Shannon Ritter: Getting a jump on the future


Published: Monday, January 7, 2008 at 6:01 a.m.
Last Modified: Monday, January 7, 2008 at 12:00 a.m.

Sarah Hall's future is incredibly bright.

Last year, Sarah graduated from Gainesville High School's Academy of Health Professions, a career magnet program for students who want to work in the health care field. Thanks to that program she graduated with both a high school diploma and state certification as a nursing assistant, which she'll be able to put to good use when she goes to work next summer.

She also left high school with six college credits under her belt, which means she'll need less time and money to graduate from the nursing program at Florida International University, where she is currently enrolled as an honors student. Best of all, she found herself well-prepared for the rigors of her college classes.

"So far college has been a piece of cake," she said recently. "I already know a lot of the content while the other students are having to start from scratch."

Sarah's story highlights the benefits of Alachua County's extensive career and technical magnet programs. More than 1,000 local high school students are getting a head start on their futures through one of the district's career academies. They're learning to care for livestock, run a business and respond to medical emergencies. They're learning to take care of children, prepare restaurant dishes and build homes. Whatever their area of interest, these students are developing highly marketable job skills while working toward their high school diplomas.

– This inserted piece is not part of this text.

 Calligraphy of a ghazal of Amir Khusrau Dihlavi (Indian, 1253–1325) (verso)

Career education in Alachua County is not what many of us remember when we were in school. Most of Alachua County's magnet program students are headed for college once they graduate, and many of them will have earned college credits and/or scholarships in addition to their high school diplomas.

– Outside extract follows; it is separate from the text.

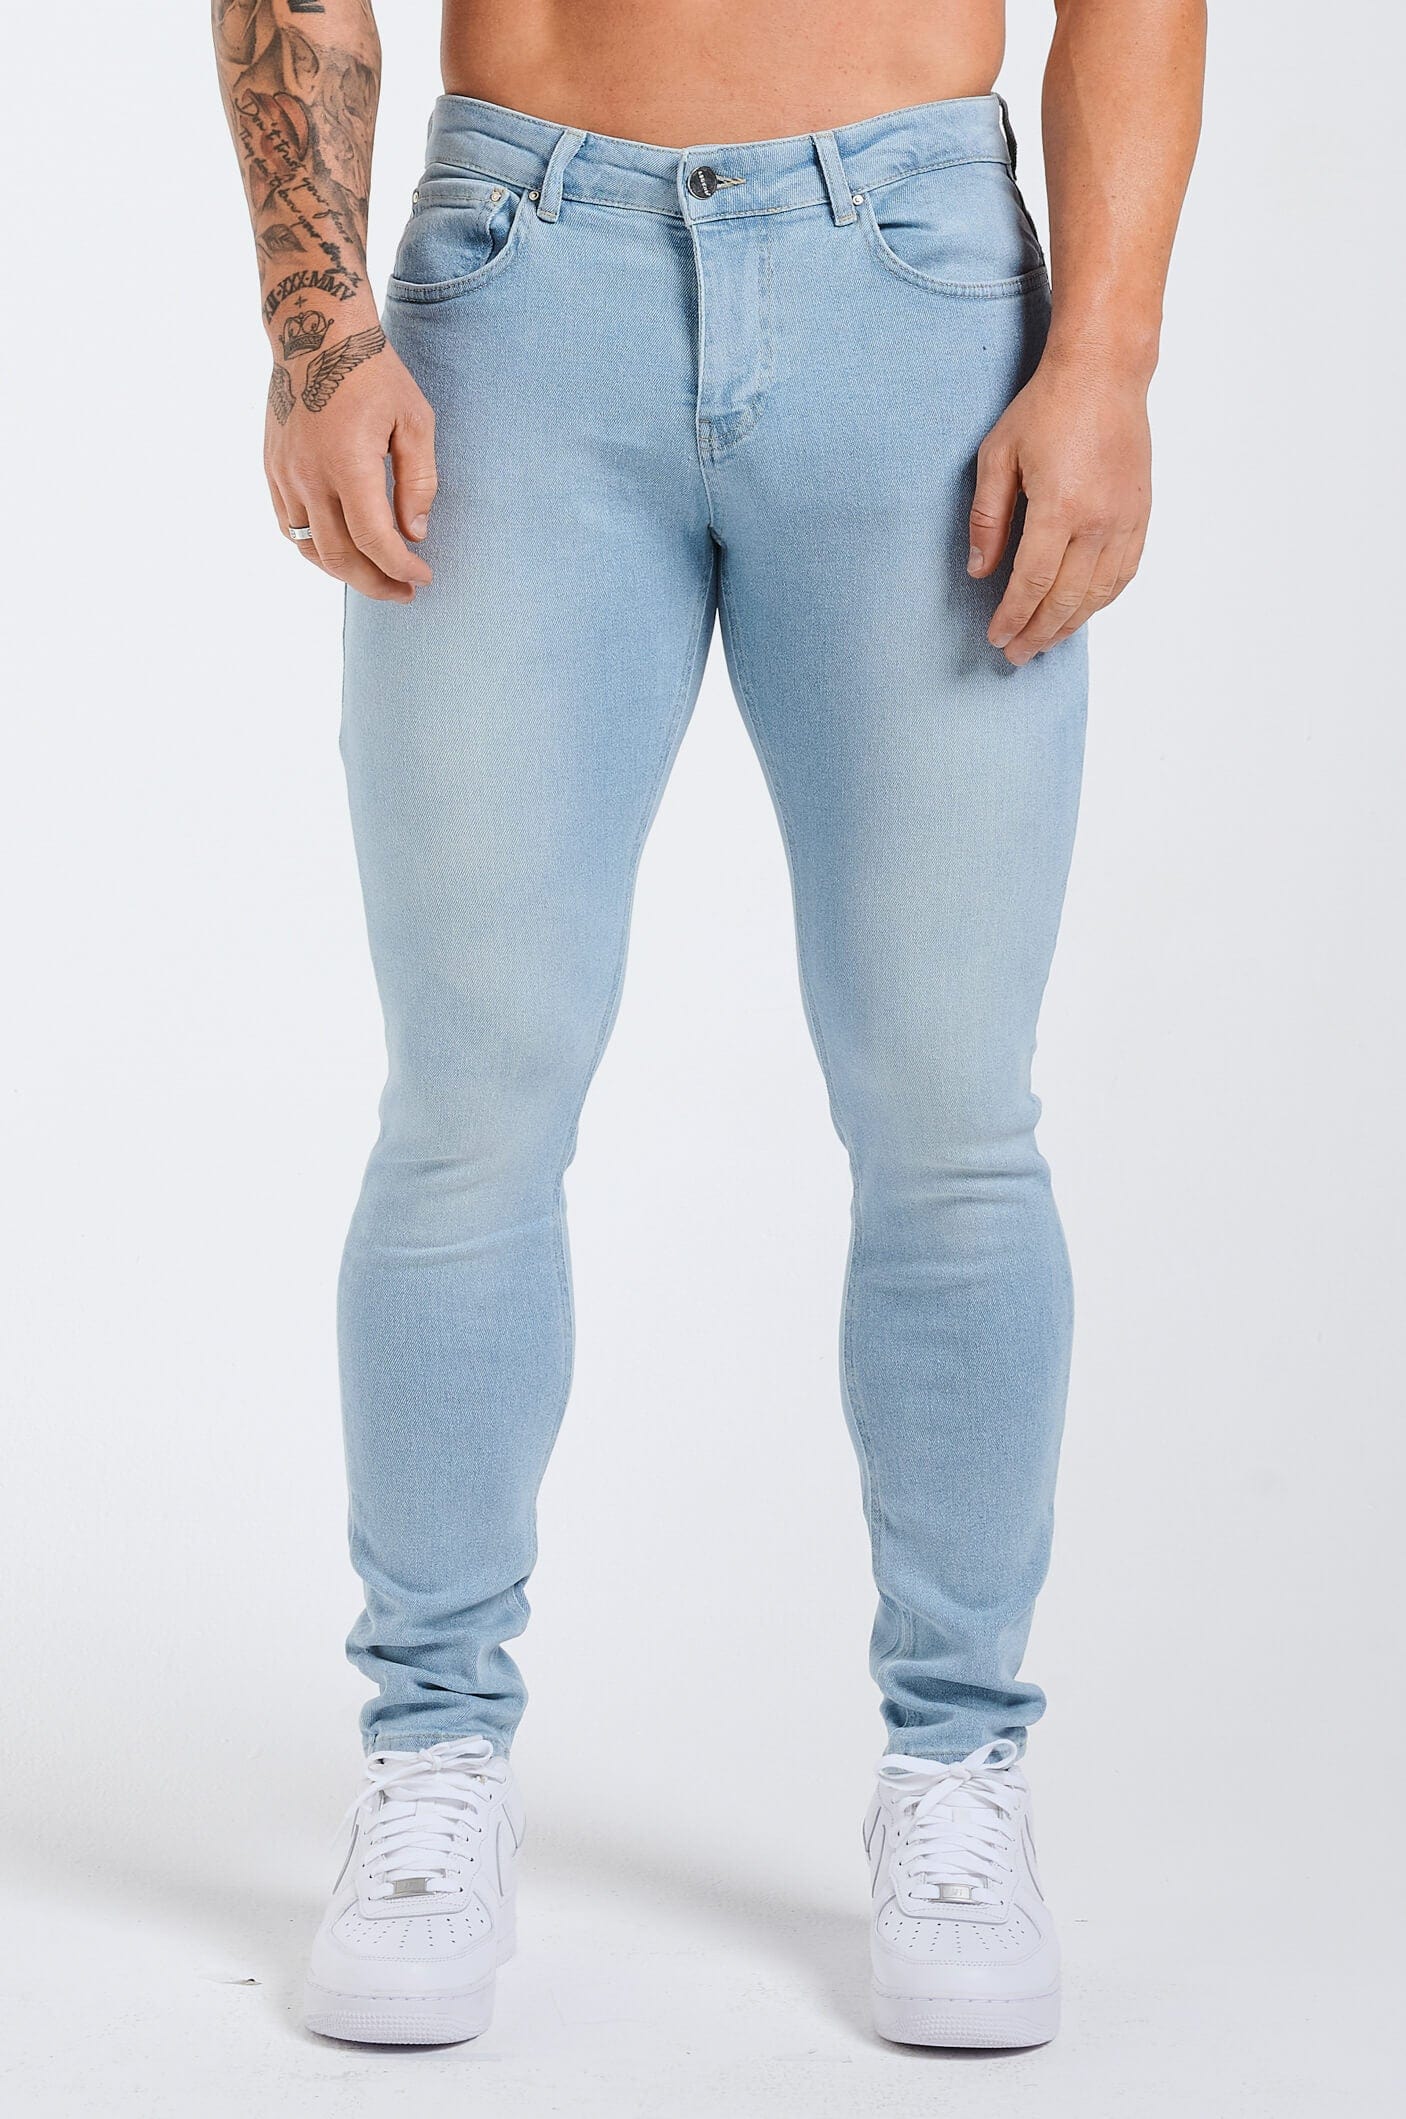 Legend London Jeans - slim 2.0 SLIM FIT JEANS 2.0 - PALE LIGHT BLUE

Hands-on, practical learning activities are a big part of each career academy's curriculum, both in the classroom and in the community. Thanks to partnerships with local businesses, Alachua County students are able to work in their chosen field during the school year or over the summer, gaining valuable experience that looks very good on a job or college application. And like Sarah, many students are also able to earn certification in their chosen field while they're still in high school, meaning they can move straight into the workplace even while working toward a college degree.

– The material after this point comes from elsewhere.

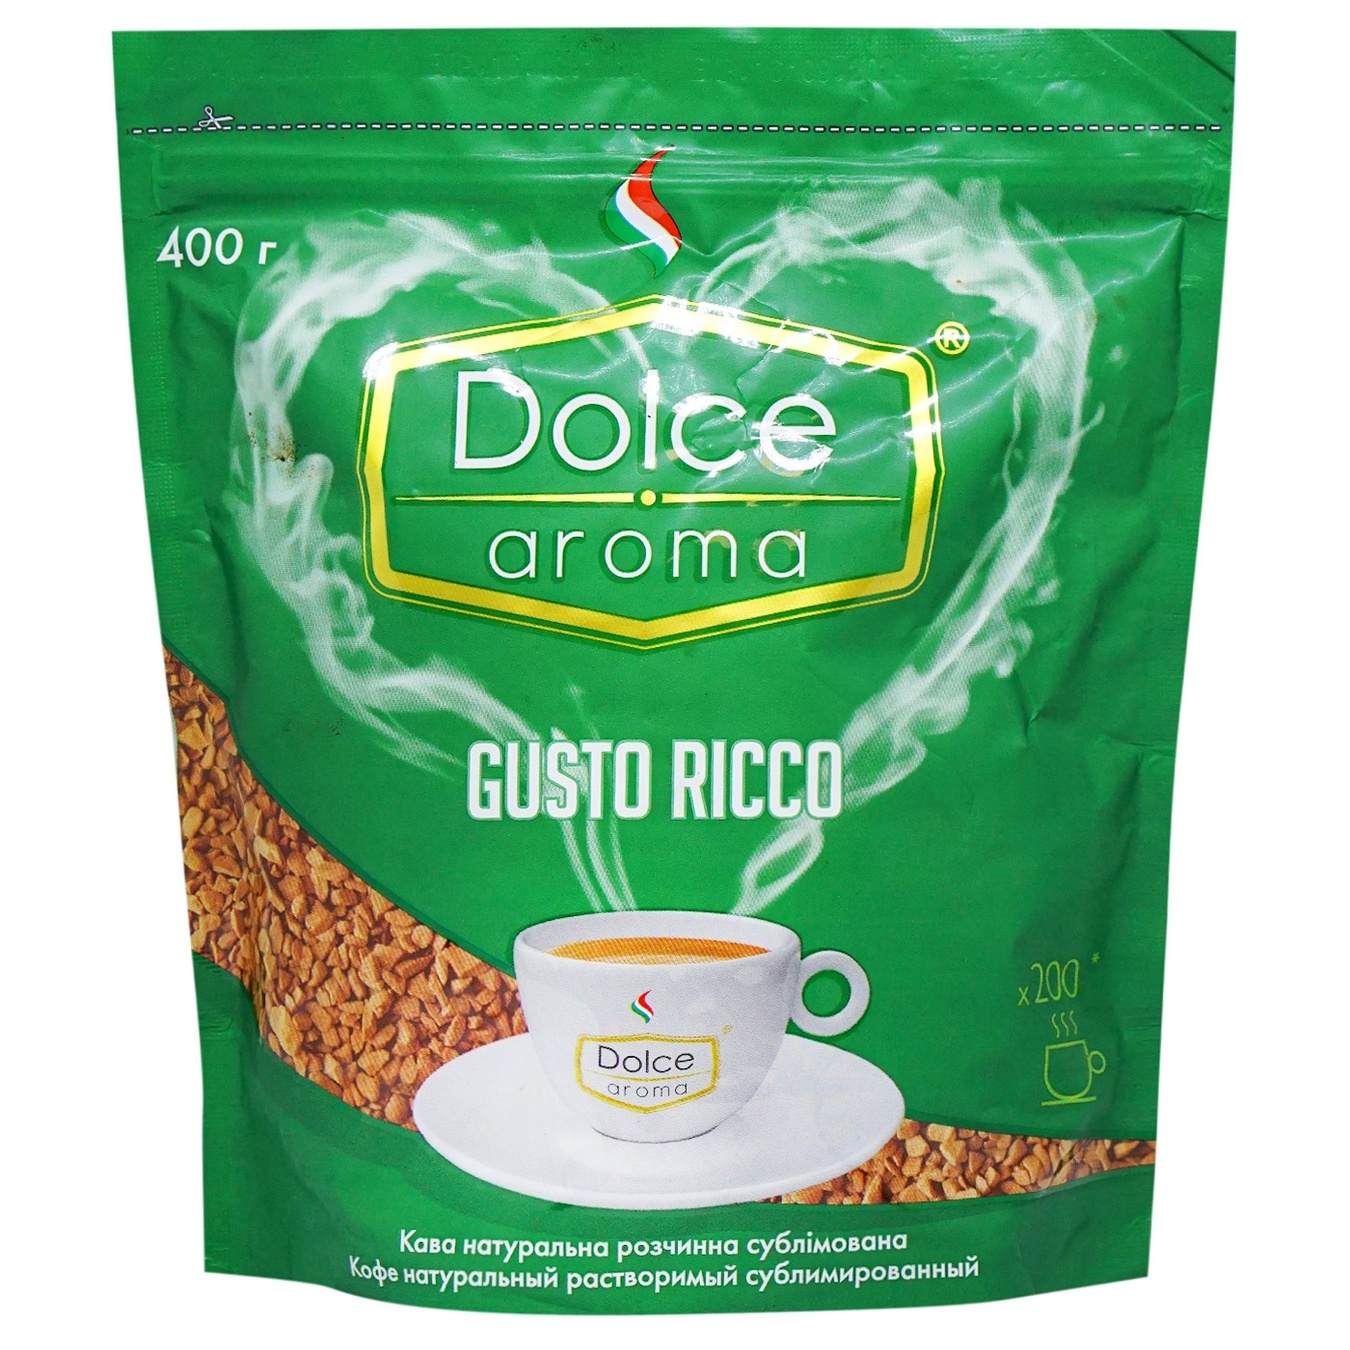 Кофе Dolce Aroma Gusto Ricco натуральный растворимый сублимированный 400г

Parents and students will have an opportunity to learn more about the many educational opportunities available in Alachua County during the district's upcoming Career Academy Forum. The forum will be held at Buchholz High School on Thursday, Jan. 10, from 7 to 8 p.m. Representatives from all of the career academies will be at the forum with displays and information about their programs.

The academies will also hold open houses between mid-January and early February so that students and their families can visit in person. A full schedule and a description of all the academies are available on the district's Web site at www.sbac.edu or by calling the Department of Career and Technical Education at 955-7600.

As incoming high school students and their parents consider whether a career academy magnet is the right choice, Sarah Hall has an excellent piece of advice: "It's never too soon to think about what you want to do with the rest of your life."

Shannon Ritter is director of Career and Technical Education for Alachua County public schools.